Save your places in any Libertary books.
Just Log in or register - it's free and easy!

Fatal Flaw

A True Story of Malice and Murder in a Small Southern Town

- The Trial - Page 173

Thirty-four

Friday, June 18: as the trial’s second week ended, Eagan approached the heart of his case.  Before the day was done, Felton Thomas and Edward Williams would add two huge pieces to the Christmas Eve mosaic that the state had been building since the first day of testimony.

First Eagan had another forensic witness.  Ruby Lee Ross, the fingerprint expert whom the FBI Lab assigned to the case, testified to finding Zeigler's palm print on a grocery bag that the OCSO's investigators had found in the storage room cabinet, containing bullets and cartridge hulls and the two empty revolver boxes.

Hadley cross-examined her.  The bag she examined was one of a double bag found together inside the cabinet, and she admitted that she didn't know whether the bag with the palm print was the outer or inner bag.  She said the fingerprints on that paper might persist for a long as ten months, and that she had no way of knowing when that print was put there.

Hadley asked about the .357 magnum that was found beside Perry Edwards near the back of the showroom.  She said that she had photographed a partial "visible latent" fingerprint she found on the weapon.

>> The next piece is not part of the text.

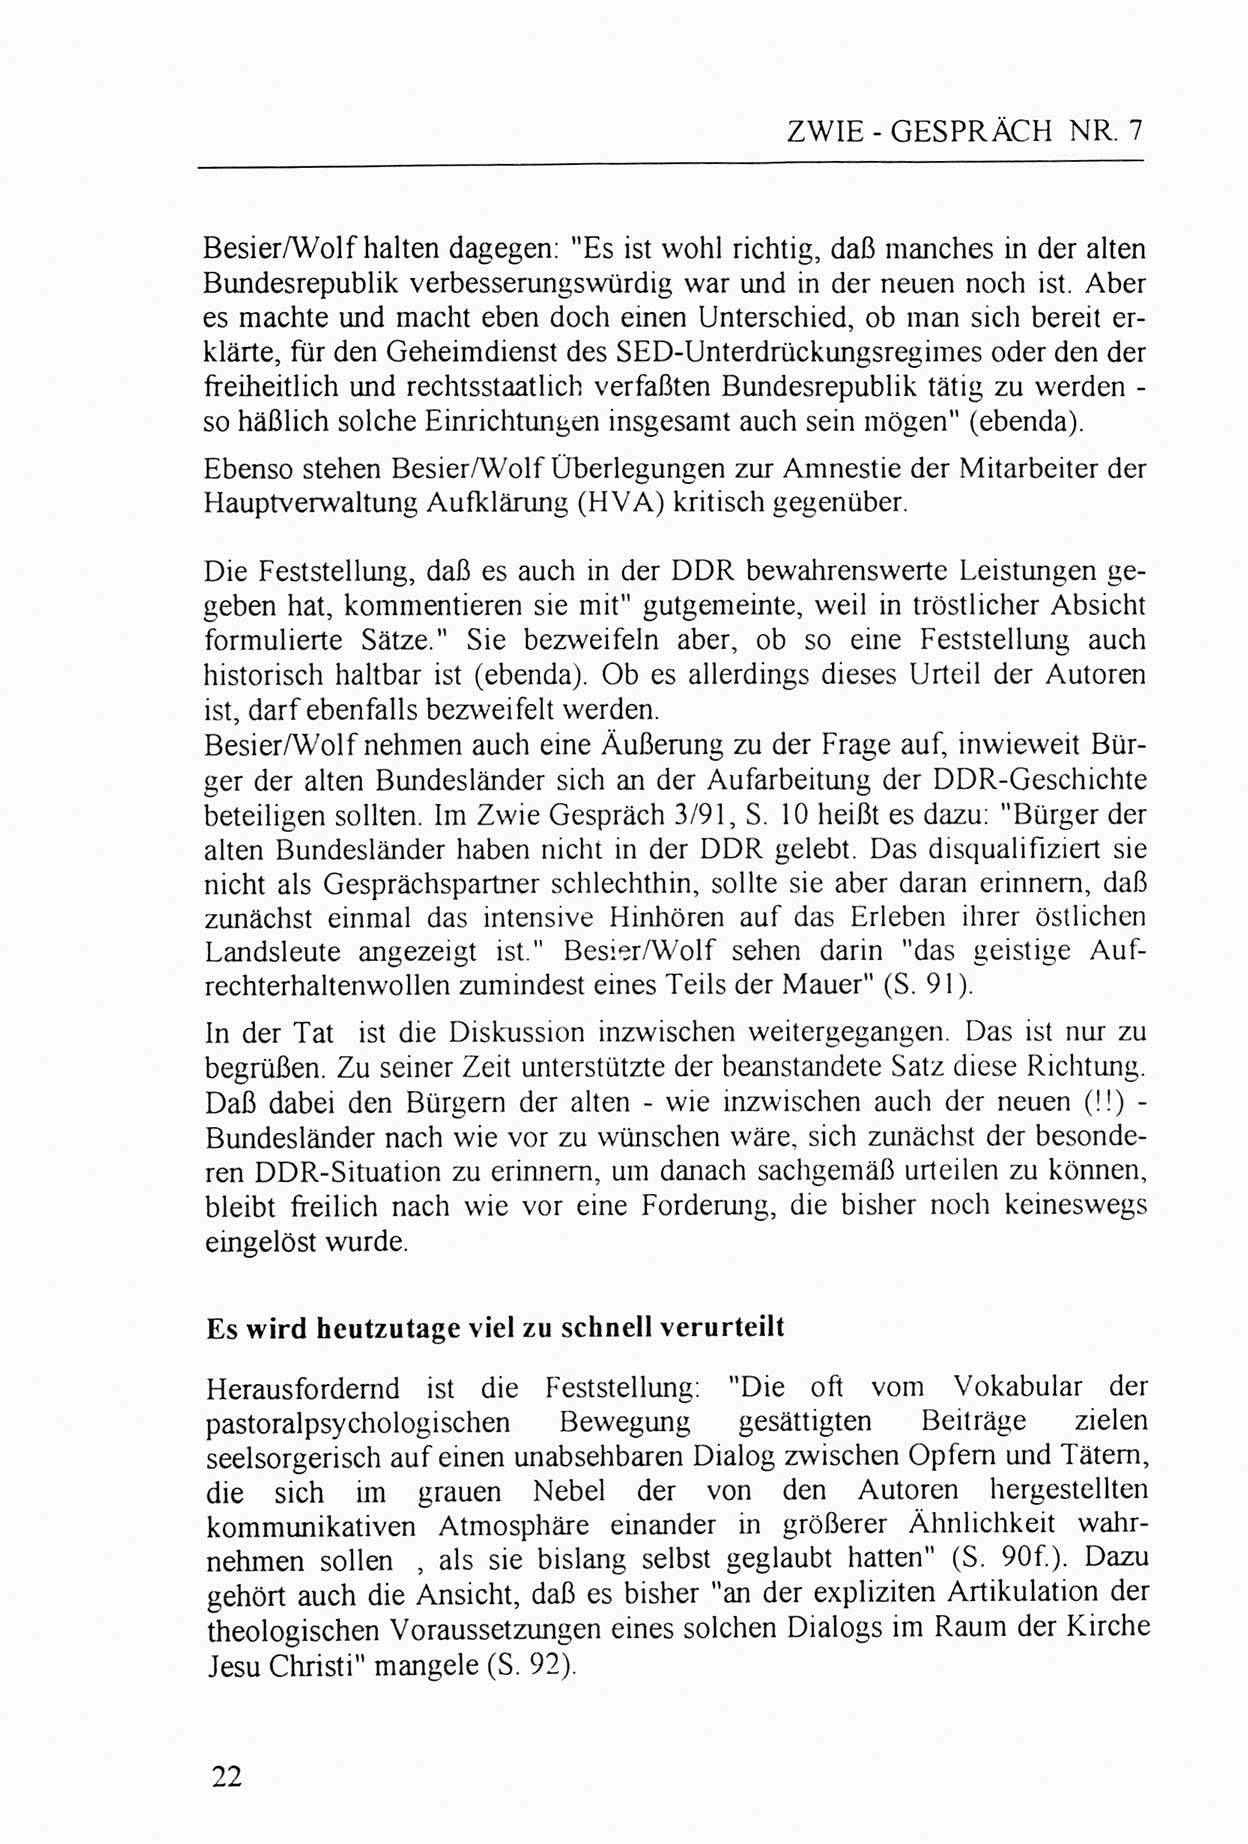 Zwie-Gespräch, Beiträge zur Aufarbeitung der Staatssicherheits-Vergangenheit [Deutsche Demokratische Republik (DDR)], Ausgabe Nr. 7, Berlin 1992, Seite 22 (Zwie-Gespr. Ausg. 7 1992, S. 22)

Q: (HADLEY): What did you do with the photographs?

A: (ROSS): After they were of no value they were torn up and thrown away.

Q: I understand you to say of no value for identification?

A: That's correct.

Q: Do your notes reflect how many points of comparison were in those?

A: Any latent that turns out to be of no value we make no notes as to it.

Q: Were you saying that was of no value in a comparison with the palm prints or hand prints of the defendant Tommy Zeigler:

 A: It means that in order for me to think that a latent would be of value that I would have to have at least seven points of identity, of which these impressions that appeared on the weapon did not contain seven points of identity.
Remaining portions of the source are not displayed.